WASHINGTON, March 28: In 1997, the Clinton administration advised Pakistan not to isolate itself in the region when Pakistani leaders complained that Iran was resisting their efforts to arrange a negotiated settlement in Afghanistan.

Former US Secretary of State Madeleine Albright conveyed this message to the then foreign minister, Gohar Ayub Khan, when he discussed the issue with her. "During my 1997 visit, Foreign Minister Gohar Ayub Khan told me that Pakistan favoured a negotiated settlement to the civil war in Afghanistan, but blamed Iran for stirring up trouble by supplying arms to the anti-Taliban Northern Alliance," Ms Albright told a US commission probing the causes of the Sept 11, 2001 terrorist attacks.

She told Mr Ayub: "It concerns the United States that Pakistan is in danger of being isolated because of its support for the Taliban, which is seen as authoritarian at best, and preposterous at worst, by the rest of the world."

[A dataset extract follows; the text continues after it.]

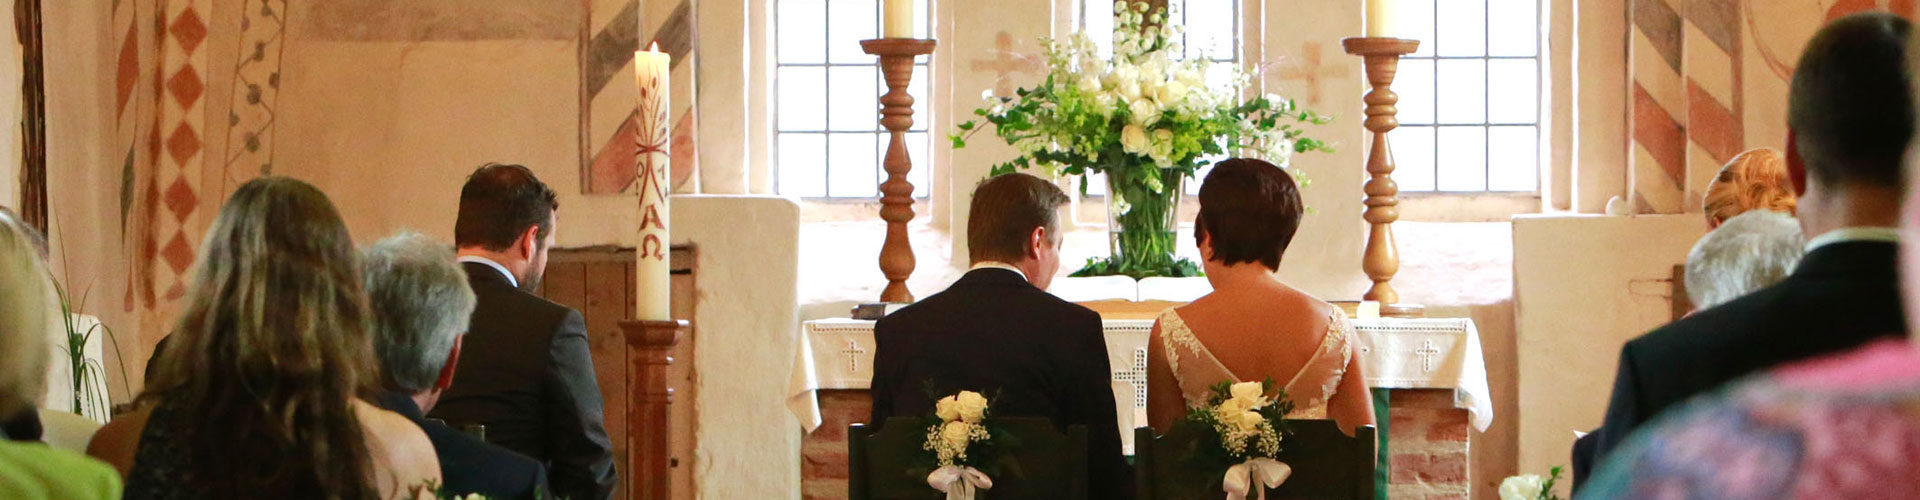 Reportagefotografie Hochzeitsfotografie
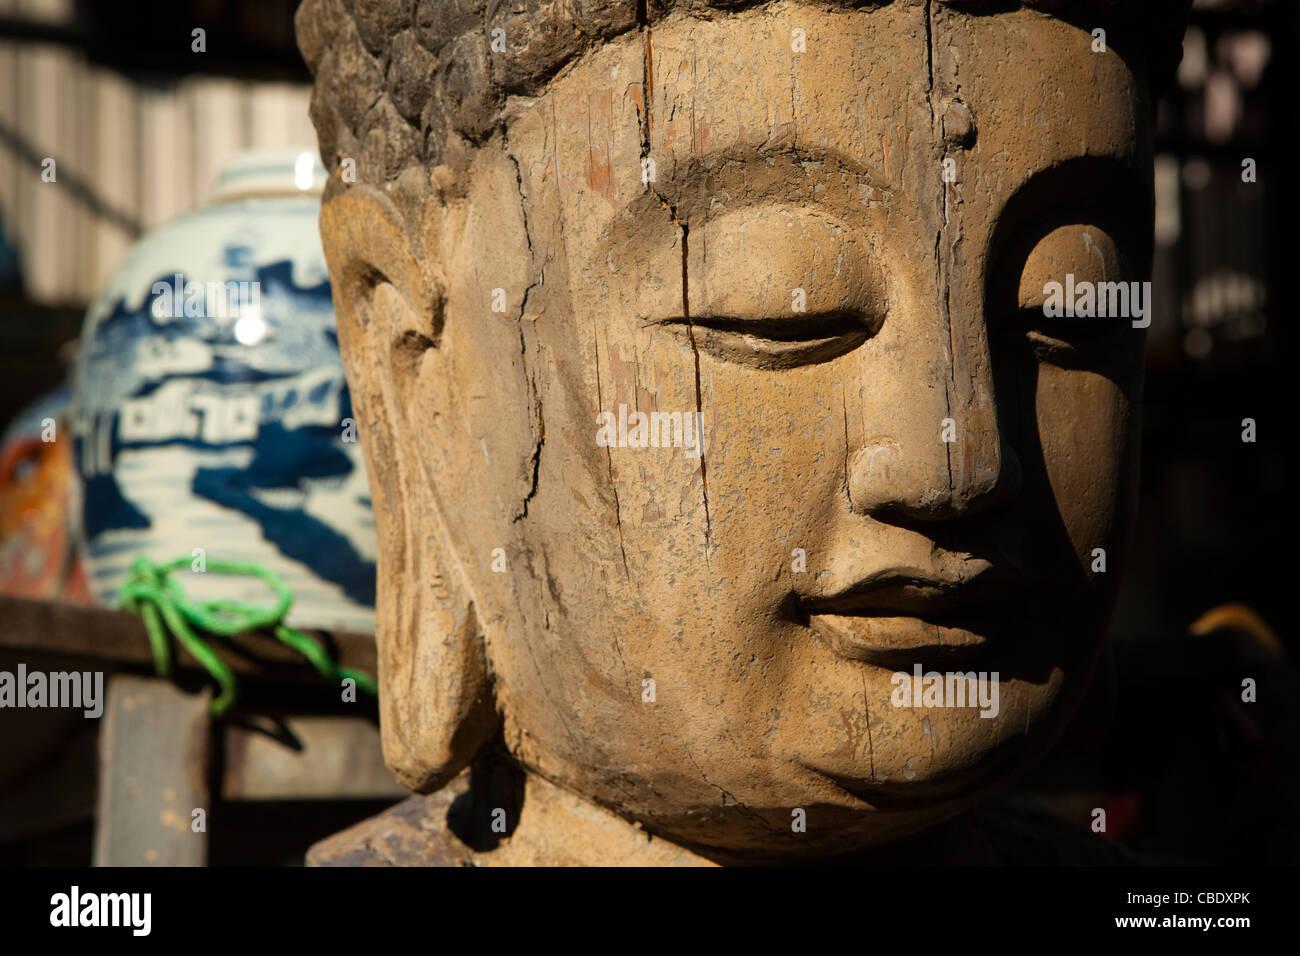 Po Ling Monastery, Po Ling, Ngong Ping, Lantau, Hong Kong, China - Stock Image

"I said, the Taliban may have imposed law and order, but their rules are excessive. The Taliban can never control the whole country, so all groups must be involved in a solution."

During the hearing there also emerged a difference of opinion between the officials of the Clinton and Bush administrations in their approach towards the Musharraf government.

While both the groups regarded President Musharraf as Washington's "indispensable ally", the Clinton administration officials also advised him to strengthen democracy if he wants to be successful.

"President Musharraf of Pakistan remains a courageous and indispensable ally who has become the target of assassins for the help he has given us," said CIA Director George Tenet.

Ms Albright also acknowledged that President Musharraf has put his own life at risk to oppose pro-al-Qaeda elements within Pakistan. If he does not succeed, it may be a long time before another Muslim leader does the same.

But she warned: "Musharraf will not succeed in the long run, however, if he fails to support a process for strengthening democratic institutions and restoring democratic rule." The US- Pakistani relationship, she said, had become among the most important as well as the most complex on earth."

Ms Albright also explained how former Prime Minister Nawaz Sharif helped in the capture of Mir Aimal Kansi, a Pakistani wanted in America for killing two CIA employees outside the agency's headquarters in January, 1993.

Earlier in the year (1997), I had personally requested the assistance of Mr Sharif in arranging for the return to American jurisdiction of Mir Aimal Kansi. He agreed, but asked that word of his government's cooperation in the arrest and transfer not become public," she said.

"Unfortunately, the news leaked almost as soon as Kansi reached American soil, embarrassing Mr. Sharif and triggering anti-American demonstrations." In an earlier statement, Ms Albright's successor Colin Powell explained how the Bush administration convinced the Musharraf government to join the US- led war against terrorism.